Mel Brooks inserts a similar joke in History of the World Part I. Moses descends from Mount Sinai holding three large stone tablets and cries out, “Hear me! Oh, hear me! All pay heed! The Lord, the Lord Jehovah has given unto you these fifteen . . .” He steps forward, and one tablet shatters on the ground. Quickly he continues, “Oy. Ten, ten commandments for all to obey!” The joke is about making fast adjustments in an unreliable world. In reality, we are the ones writing the commandments, and for us ten are enough. Maybe we could do with five. Maybe we don’t need any.
When I was a child and my mother cursed me in English, the words sounded crazy and I took them literally. “Go get killed.” “Go get shot.” In Yiddish, the phrases “ver geharget” and “ver geschossen” weren’t tender, but inside the familiarity and foreignness they weren’t crazier than my mother’s sense of humor.

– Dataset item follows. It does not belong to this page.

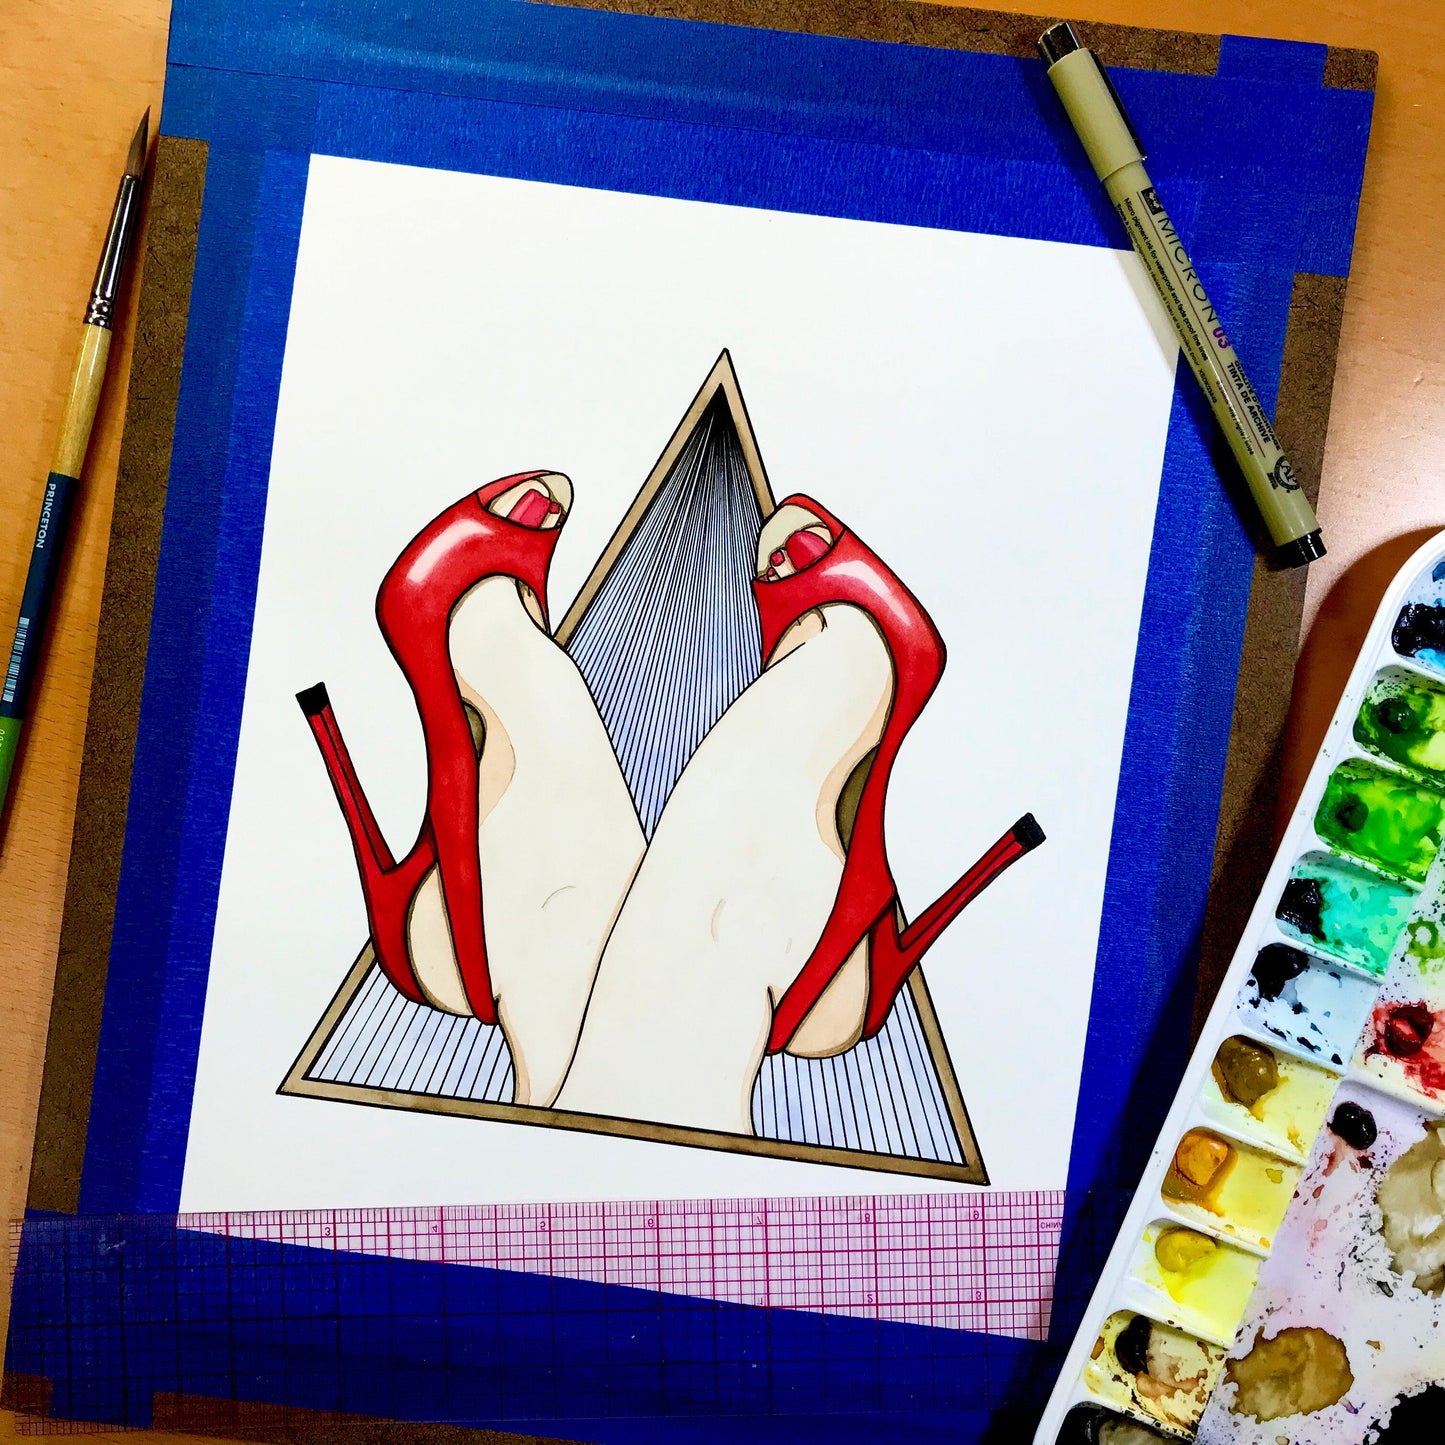 PinkPolish Design Original Art "Kick Up Your Heels" High Heel Inspired Original Watercolor & Ink Illustration

Where does the pain of language reside? Where do the curses, cultural separations, and misinterpretations live? In a suburban outpost where lonely women drive to shabby shopping malls? In a solitary tree with hunters barking below? Maybe a tiny tenement bedroom lacking windows and doors. Even if you could draw a map to its location and walk its streets and snap a picture of the house where it grew up, it would not be a guide. And even after you could laugh at its power, it would not go away.